All this and more comes to sharper relief when Jelena and Igor illustrate a specific experience of a struggle over citizenship in Serbia. Their anatomy of a student movement is hopeful but cautious. They deftly show how the eruption of a series of events, directly resulting from students protesting, occupying their faculties, and self-organising through so-called plenums, connected all forms of oppression that remained separate and fragmented into an interconnected struggle—a scandal of politics when a movement articulates clearly what is at stake as a common ground. They show how such an eruption can start from modest and minimal demands and grow into transformative, if not revolutionary, claims. Calling for resistance as effective and enduring organising with the most mundane and thus most obvious habits and practices for transforming them into revolutionary claims, Jelena and Igor clarify the task in hand. They remind us that resistances for connecting struggles against authoritarianism for building a larger force are hard, but it is enduring work that we become aware when its results erupt.

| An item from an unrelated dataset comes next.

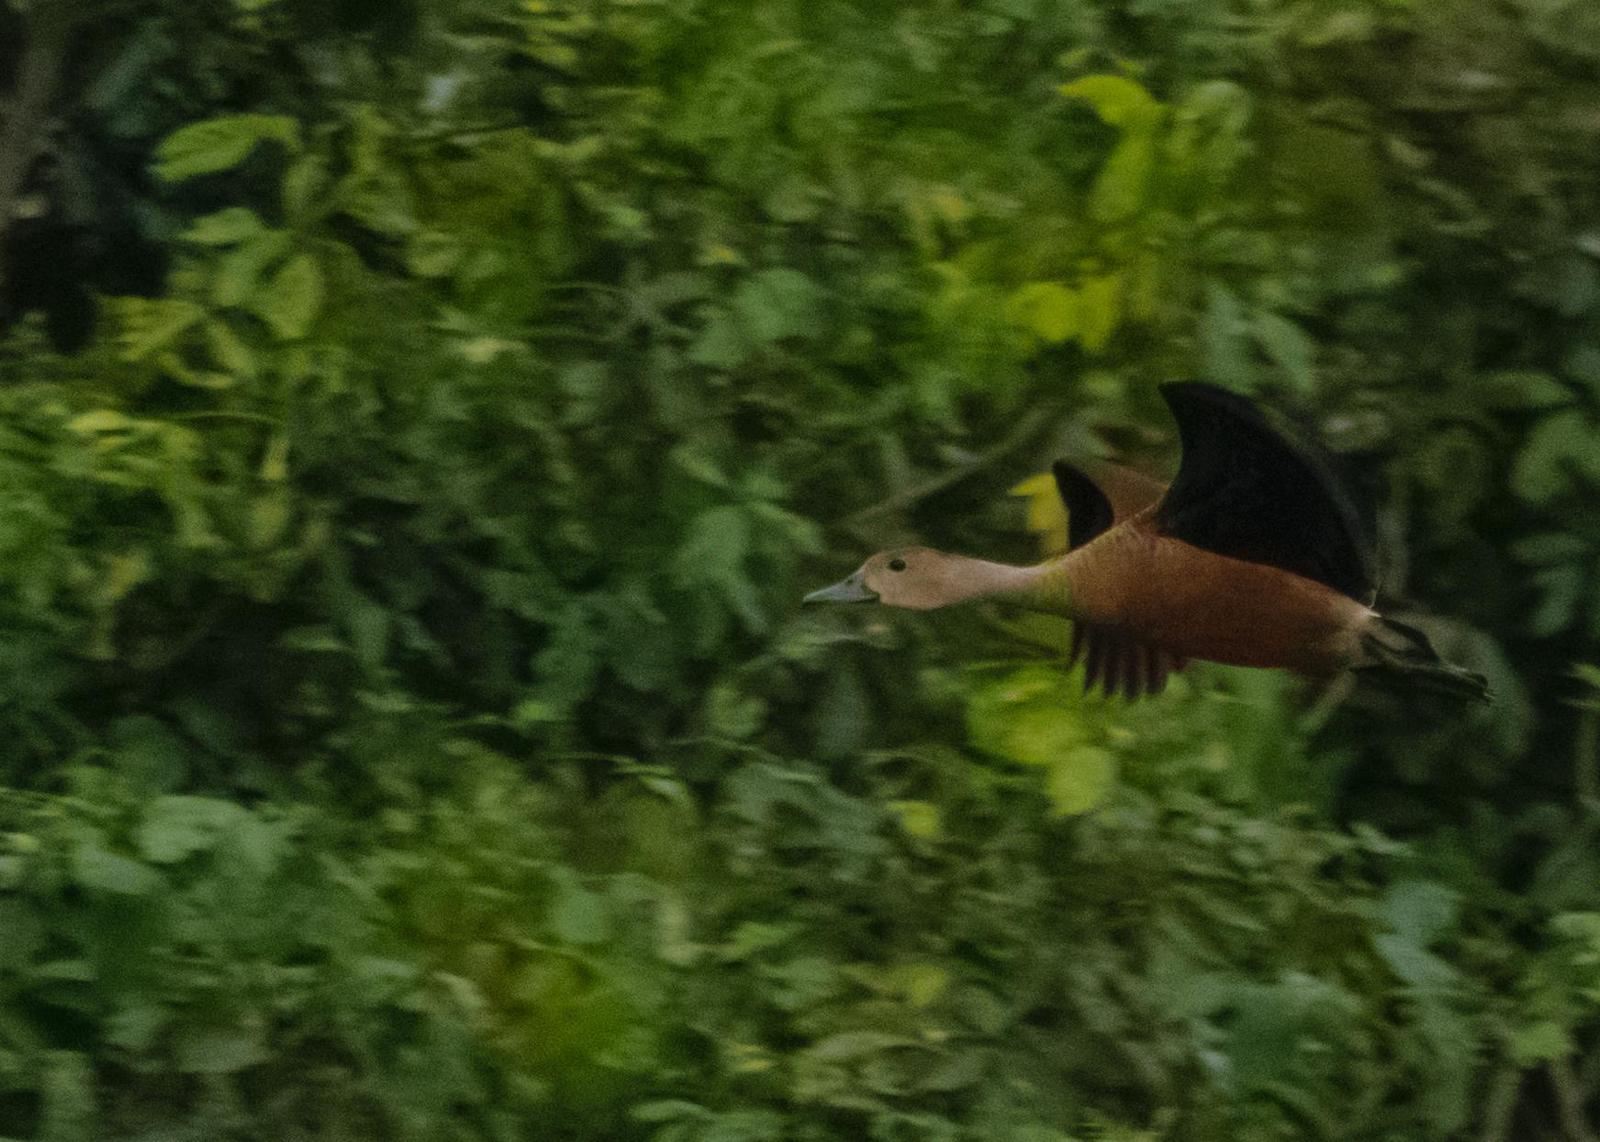 Lesser Whistling-Duck Photo by Keshava Mysore

A generation of critical scholars on citizenship has revealed its role in dividing a polity into citizens and non-citizens as categories and classes. This institution has profoundly shaped the 21st century if not our imaginary of politics in the last 25 centuries. We now better understand how it governs the relationship between a polity and its people, granting differentiated rights and obligations while simultaneously categorising and classifying the world’s peoples. A critical theory of citizenship demonstrates its dual nature as both an institution of domination and emancipation. This involves examining the struggles of those who protect privileges and those who oppose being categorised or classified as second-class or non-citizens. We are collectively developing such a theory by analysing intersecting rights and connecting them to broader social struggles, which provide meaning to citizenship itself. As my reviewers amply demonstrate, if the book contributes to this collective endeavour, it also highlights the immense theoretical and practical challenges ahead.